Elektra spokesman Pascoe said Azteca is “one of many” banks that are helping disperse funds and its participation in the program “derives exclusively” from its national presence with 1,800 branches “as well as the quality, reliability and efficiency of its operations.”

Hermosillo and Arias also pointed to two other potential factors behind the stock’s outperformance — its small float and trading by the company’s own brokerage.

While 27% of the stock is not owned by Salinas Pliego and family, the actual free float is even smaller due to a huge equity swap bet that Elektra has on its own stock price. The swap, which the company has been rolling over for about 10 years, according to exchange filings, ties up millions of shares.
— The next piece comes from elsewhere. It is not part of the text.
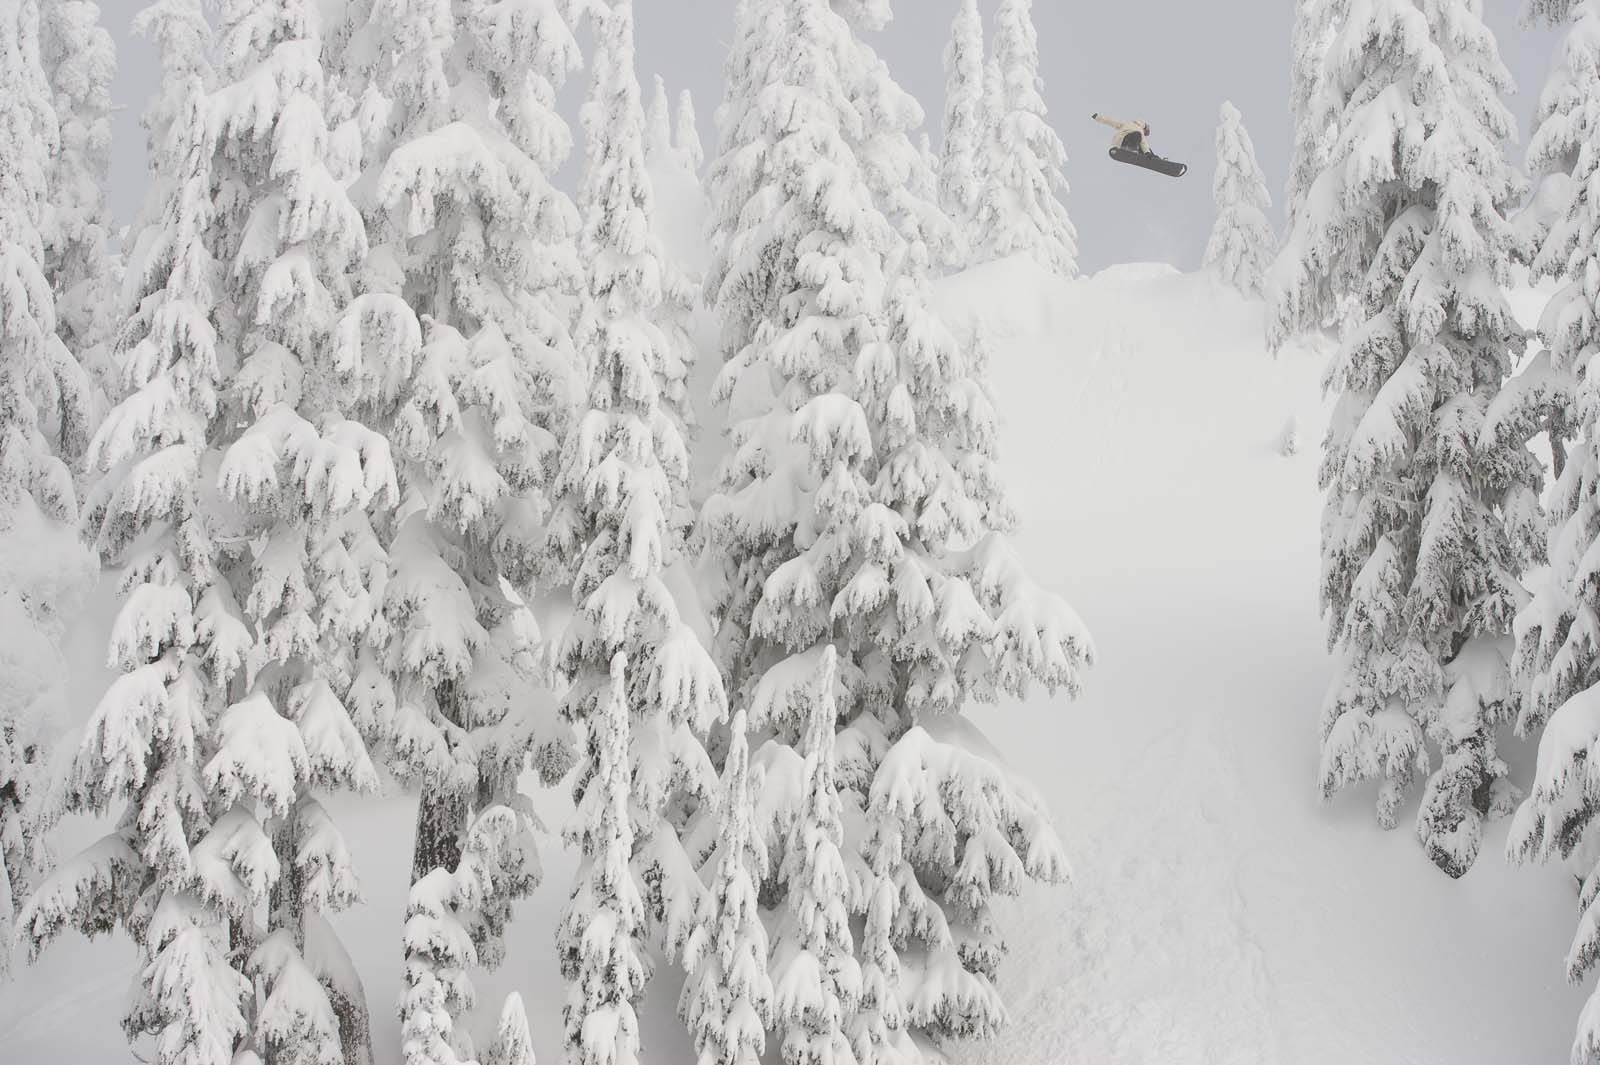 Mark Sollors, professional Burton snowboarder, jumping off snowy mountain.
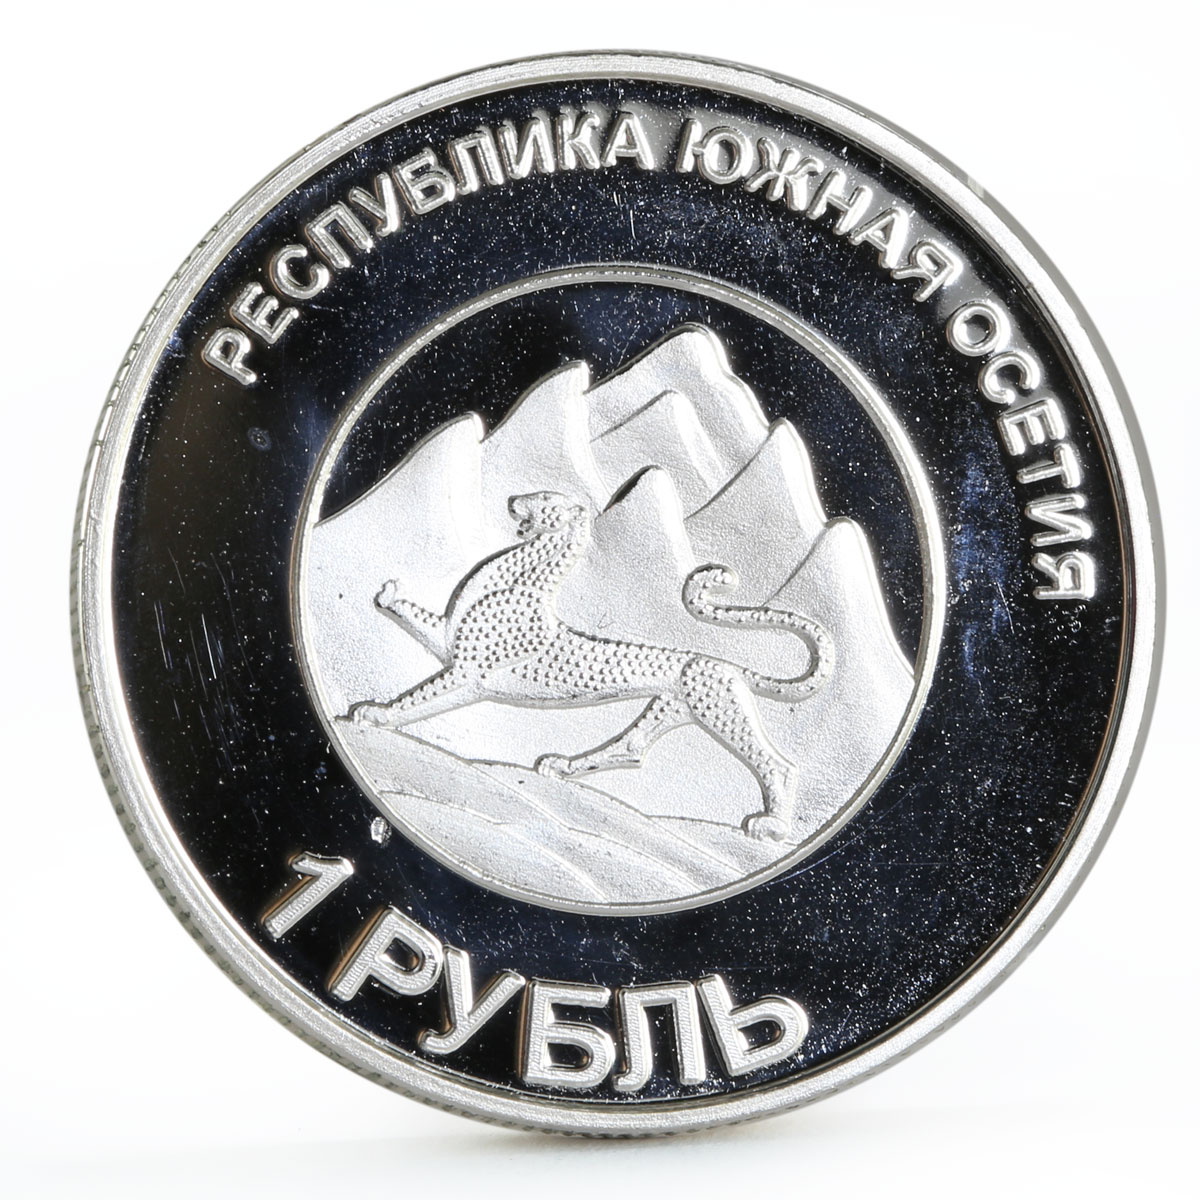 South Ossetia 1 ruble Dmitry Medvedev nickel coin 2013

The effect of the swap was at the heart of the battle with the Mexican stock exchange in 2012. MSCI kicked Elektra off its Mexico index that same year after it ruled the swap position took the actual float of the stock below MSCI’s minimum threshold.

Another factor is active trading by Elektra’s broker in its own shares. Punto Casa de Bolsa, opened by Elektra in 2012, has traded the stock under the auspices of the company’s buyback fund, stock exchange filings show. Punto’s trading falls within limits for buyback funds in Mexico, where regulation on share repurchases is more lax than the U.S. In the last year, Punto traded 18% of Elektra’s total volume, behind only broker Grupo Bursatil Mexicano with 19%, according to data compiled by Bloomberg.

“Much of the trading is by firm hands,” Hermosillo said.

Pascoe said that the purpose of any buyback fund is “to give liquidity to its securities in the market when it considers it convenient.”